Non abbaia e non salta contro la grata. Quando qualcuno passa davanti al box, si avvicina e osserva in silenzio.
Resta spesso fermo davanti alla grata, con le orecchie dritte e lo sguardo rivolto verso chi attraversa il corridoio del rifugio.
Non cerca attenzione abbaiando e non si agita quando arrivano i volontari. Si limita ad avvicinarsi e ad aspettare.
È un cane che ha già conosciuto l’abbandono e che, da allora, vive all’interno della struttura in attesa di una nuova famiglia.
Il cane abbandonato che aspetta ancora nel rifugio
Il suo aspetto serio può farlo sembrare distante, ma chi si occupa di lui racconta un animale molto diverso.
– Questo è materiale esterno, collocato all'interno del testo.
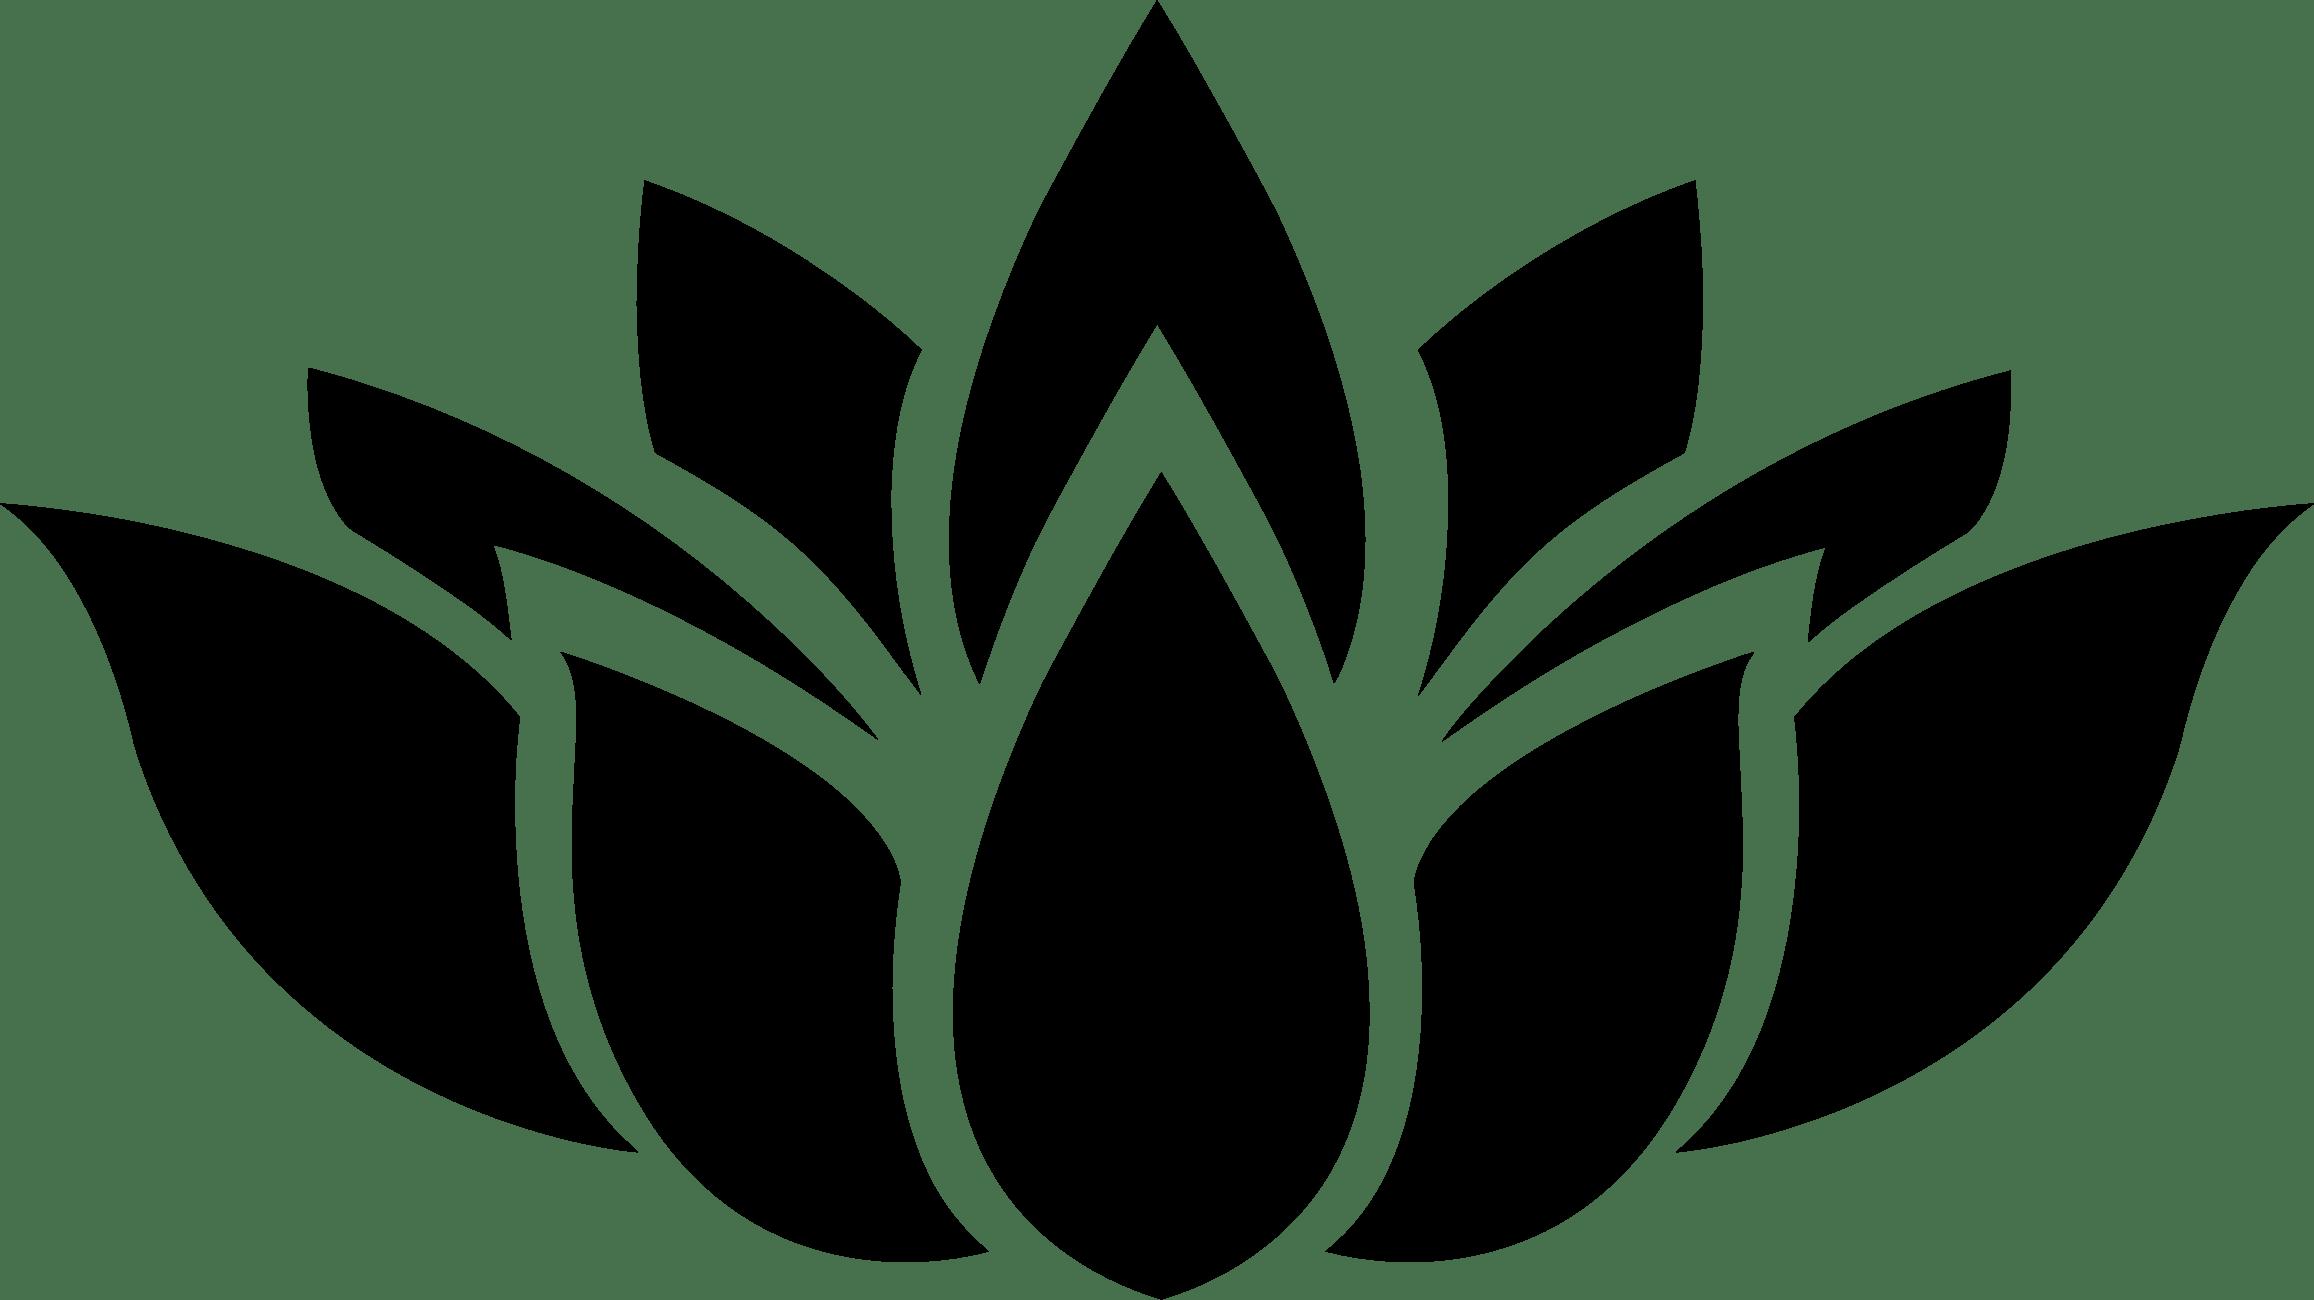 White Lotus Graphic Art Wallpapers Top Free White Lotus Graphic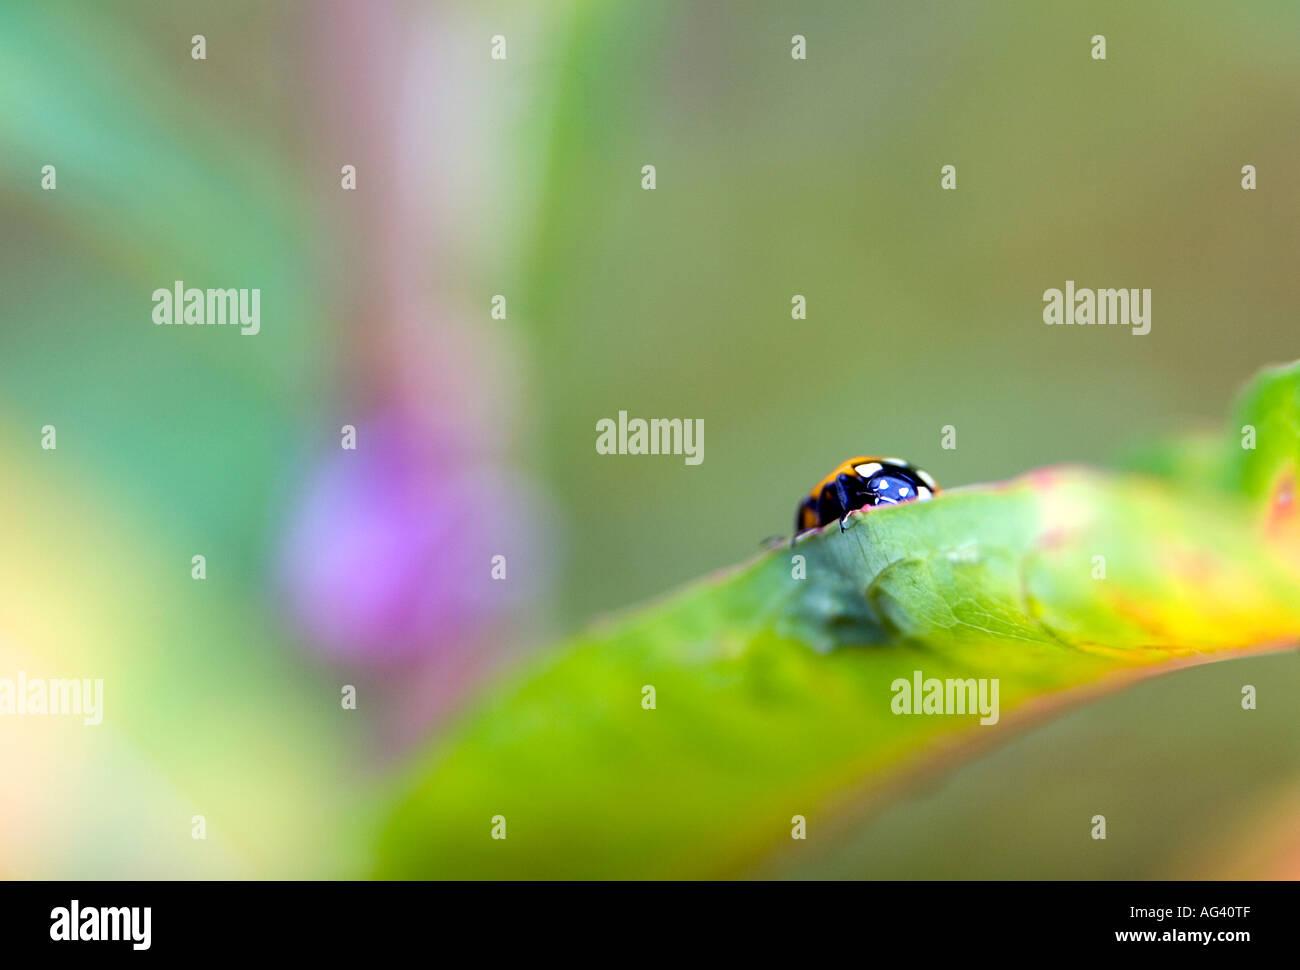 Coccinella magnifica. Ladybird on leaf. Selective focus - Stock Image

Dietro quella postura composta c’è un cane sensibile, ancora capace di cercare il contatto e di affidarsi alle persone.
Quando qualcuno si ferma davanti al box, lo segue con lo sguardo. Non forza l’incontro, ma resta lì, come se aspettasse che sia l’altro a fare il primo passo.
Una nuova casa dopo l’abbandono
Non si conoscono tutti i dettagli della sua storia precedente, ma il distacco dalla famiglia con cui viveva ha segnato profondamente il suo comportamento.
Adesso ha bisogno soprattutto di stabilità, di un ambiente tranquillo e di qualcuno disposto a rispettare i suoi tempi.
Una casa, una cuccia calda, passeggiate regolari e una presenza costante potrebbero permettergli di lasciarsi alle spalle il periodo trascorso nel rifugio.
Per lui si cerca una famiglia definitiva
Il cane non ha perso la capacità di relazionarsi con le persone.
Chi lo osserva da vicino vede un animale che, nonostante l’esperienza vissuta, continua a cercare una possibilità.
L’obiettivo è trovargli una sistemazione definitiva, evitando che il box diventi il luogo in cui trascorrere ancora molti mesi.
Per ora continua ad aspettare, in silenzio, dietro quelle sbarre.